Preweaned rat pups receiving high sodium intake were hypernatremic. Sodium loading of weanling rats also results in hypernatremia, although extracellular volume is not increased(30). In the present study, because animals in both groups received the same fluid intake, and body weights were not different, the increased serum sodium concentration is not due to volume contraction caused by greater water losses in the high sodium group. It is likely, therefore, that hypernatremia results from persistently enhanced renal sodium reabsorption despite the increased natriuretic response to ANP.

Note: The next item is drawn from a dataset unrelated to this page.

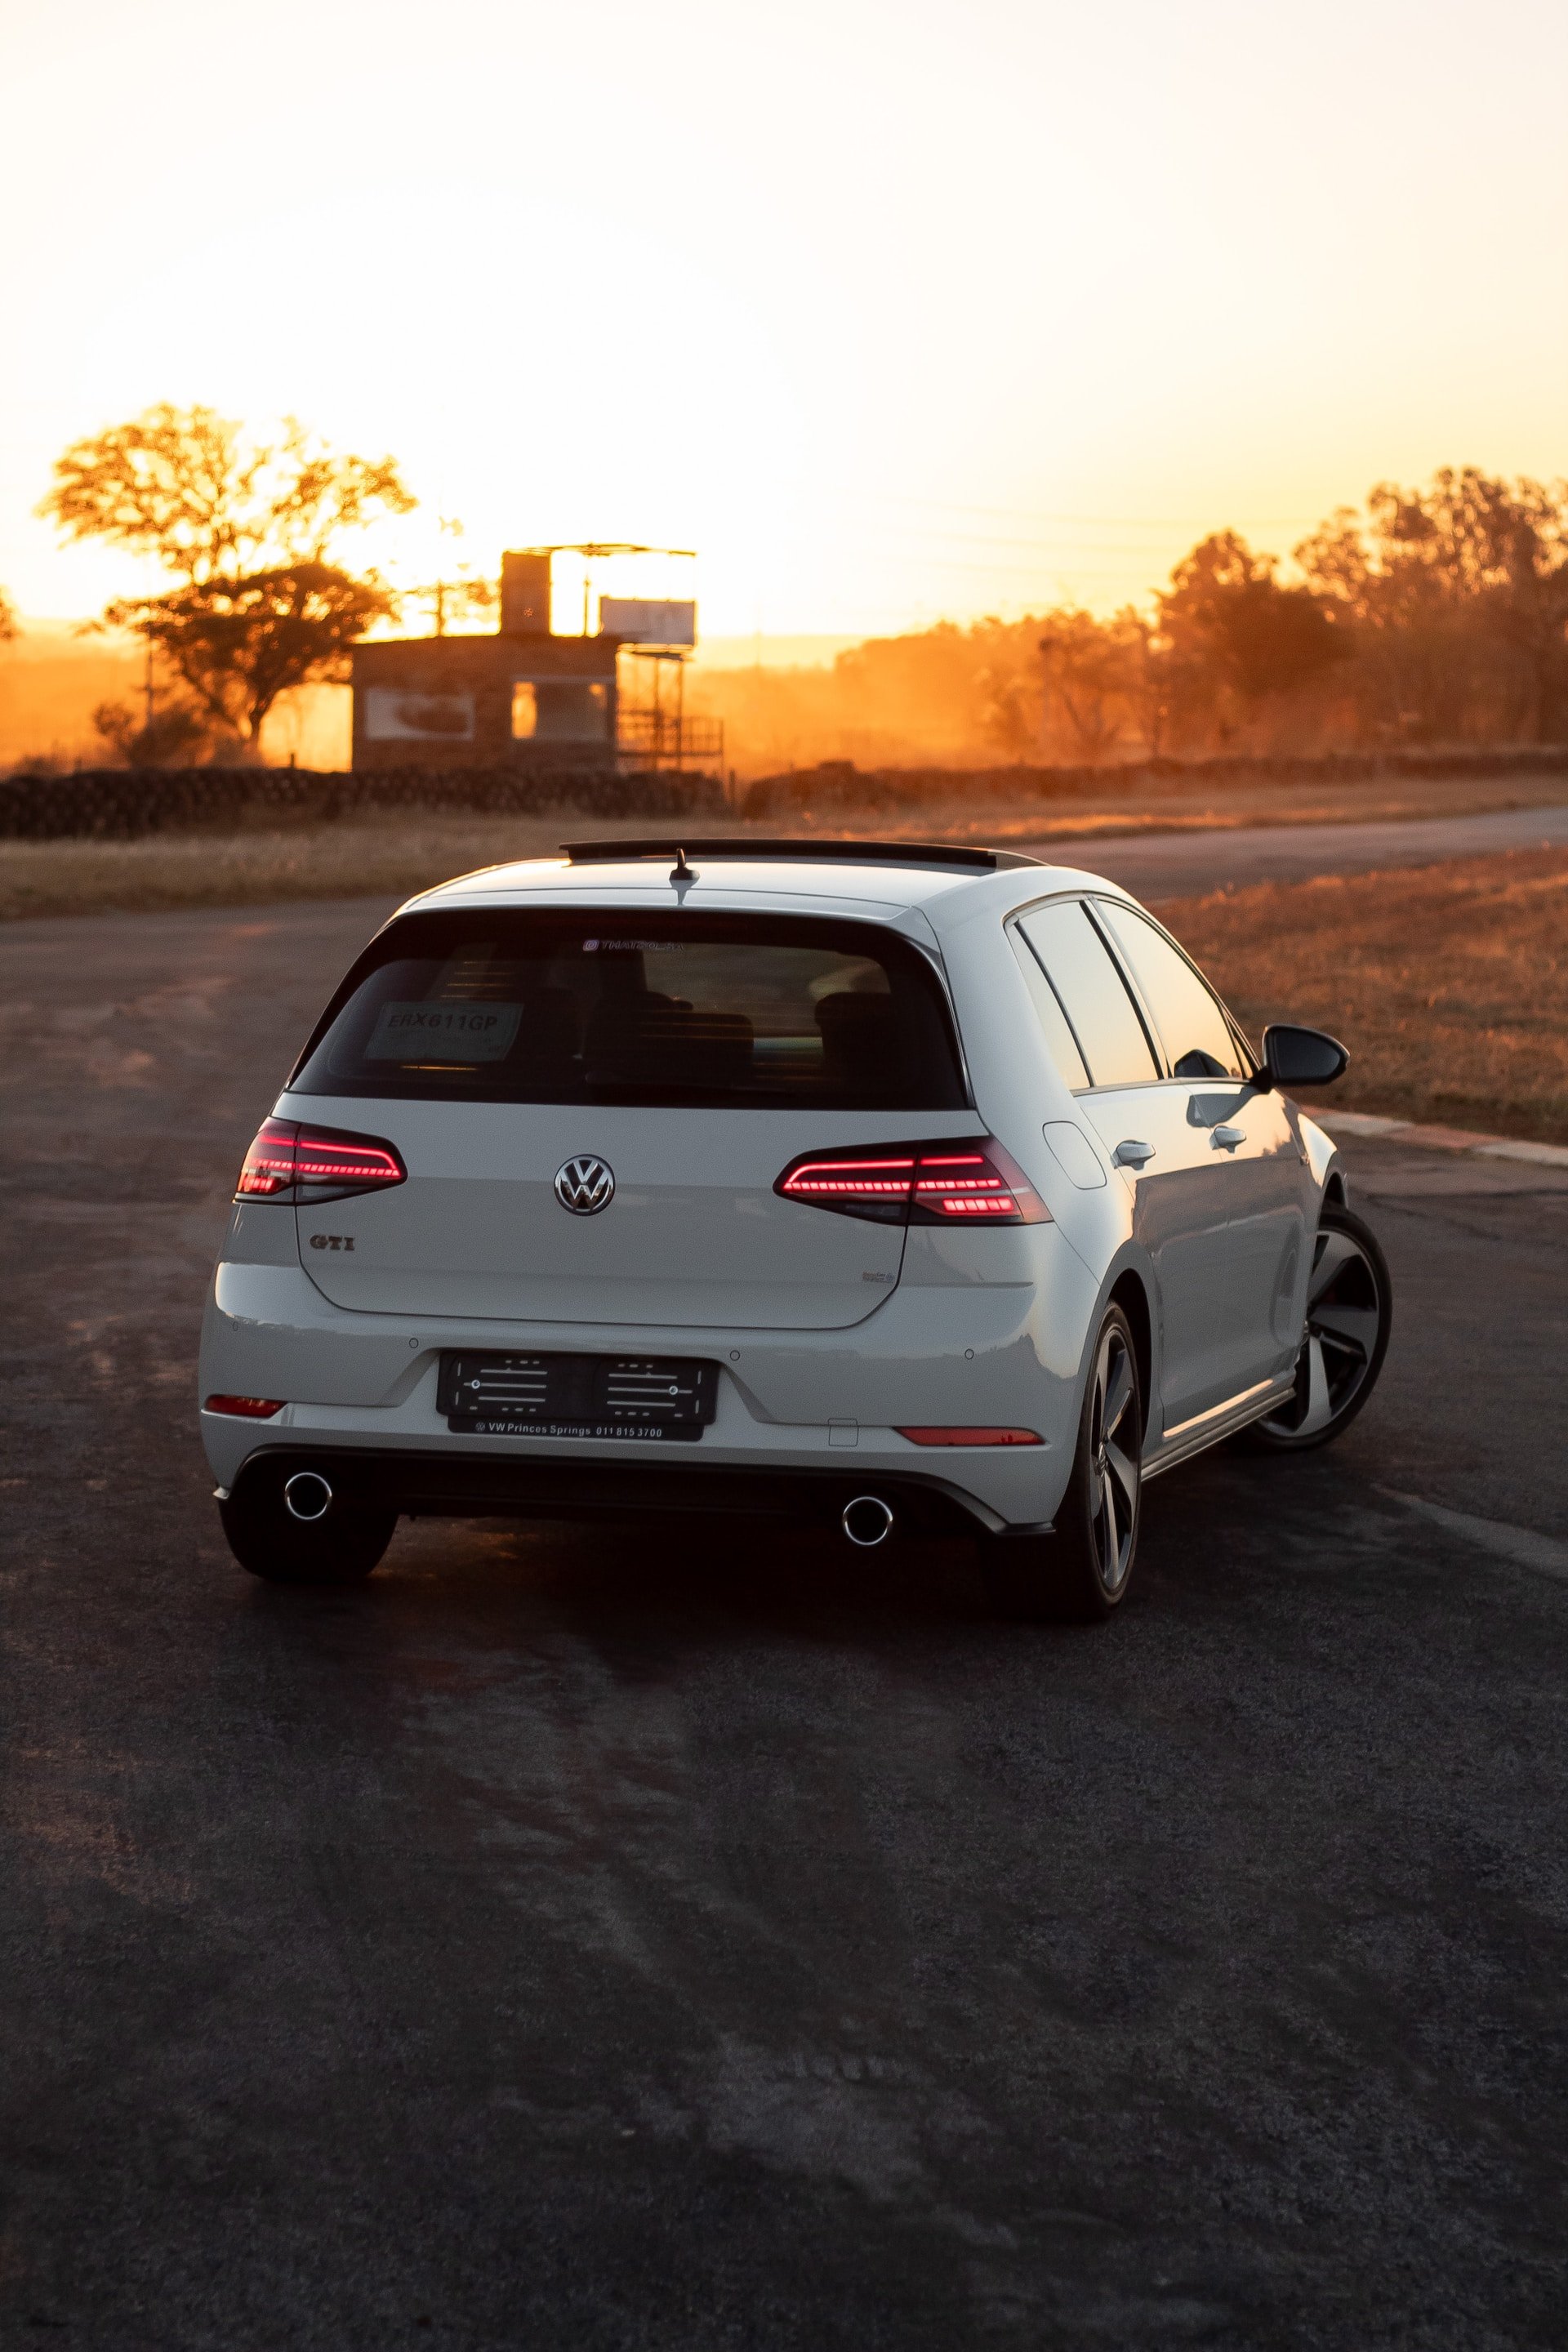 Witte Volkswagen Golf in Zuid-Afrika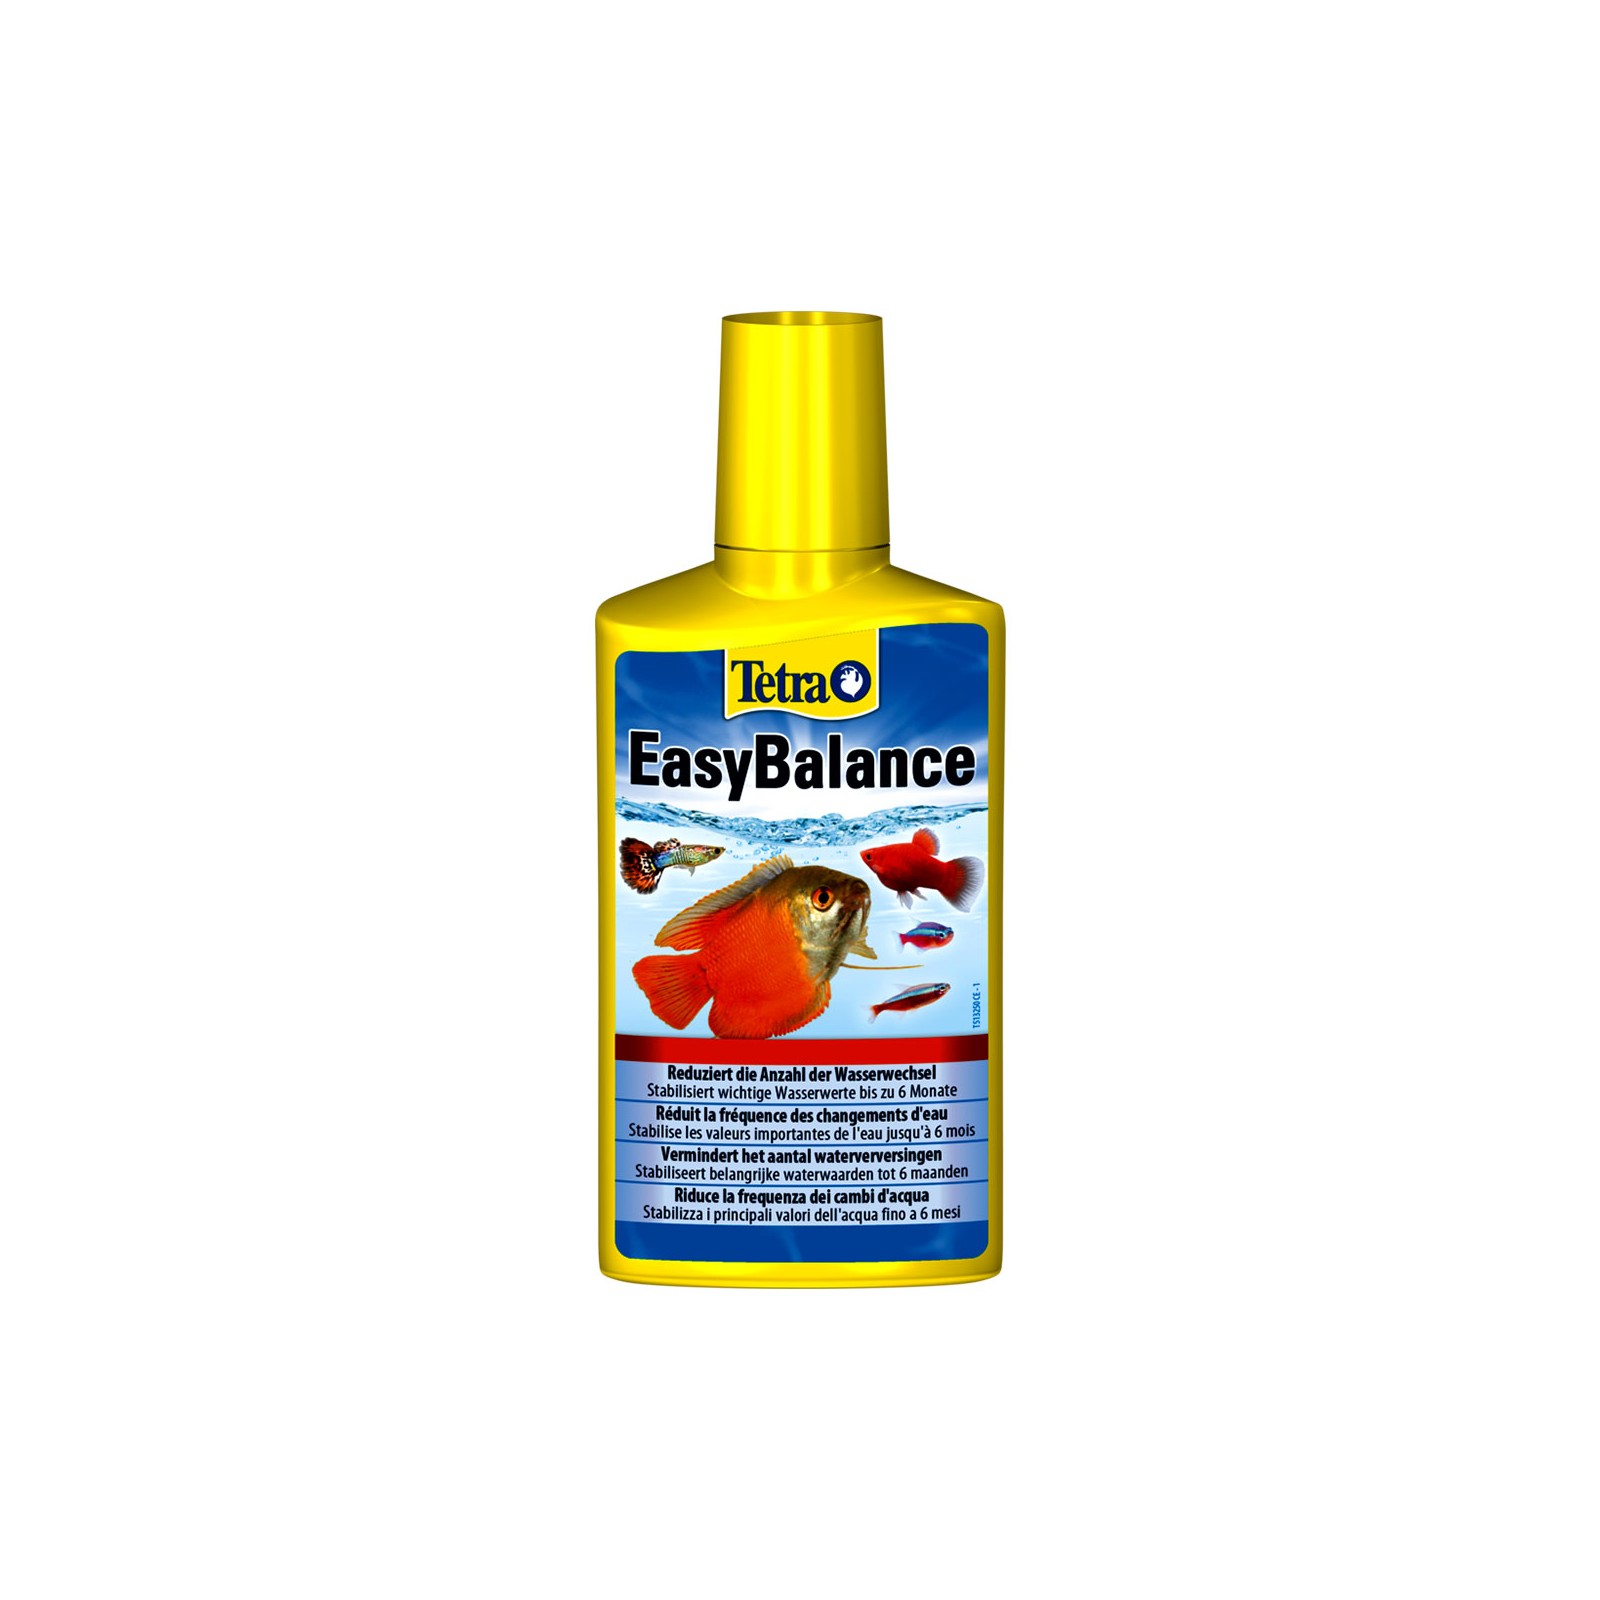 Tetra EasyBalance 250 ml Riduce la frequenza dei cambi d'acqua in acquario elimina i fosfati

In summary, inhibition of ANP C-receptors increased plasma ANP concentration in normal and sodium-loaded neonatal rats. The elevation in plasma ANP concentration did not affect urine flow, sodium excretion, or urinary cGMP excretion in rat pups receiving a normal intake. However, in animals receiving a high sodium diet, the increased plasma ANP levels due to C-receptor inhibition were associated with a transient diuresis, sustained natriuresis, and increased urinary cGMP excretion. In addition, glomeruli isolated from rat pups receiving high sodium intake released greater amounts of cGMP after stimulation with ANP. It is likely that the greater renal response to ANP resulting from sodium loading contributes to the enhanced diuretic and natriuretic response to acute volume expansion reported by us previously in similarly treated preweaned rat pups(9). Additional studies will be required to elucidate the regulatory mechanisms underlying this response to dietary sodium. Because previous studies failed to show any effect of sodium or cGMP on binding characteristics of the GC-A receptor(17, 32, 33), a postreceptor effect is likely.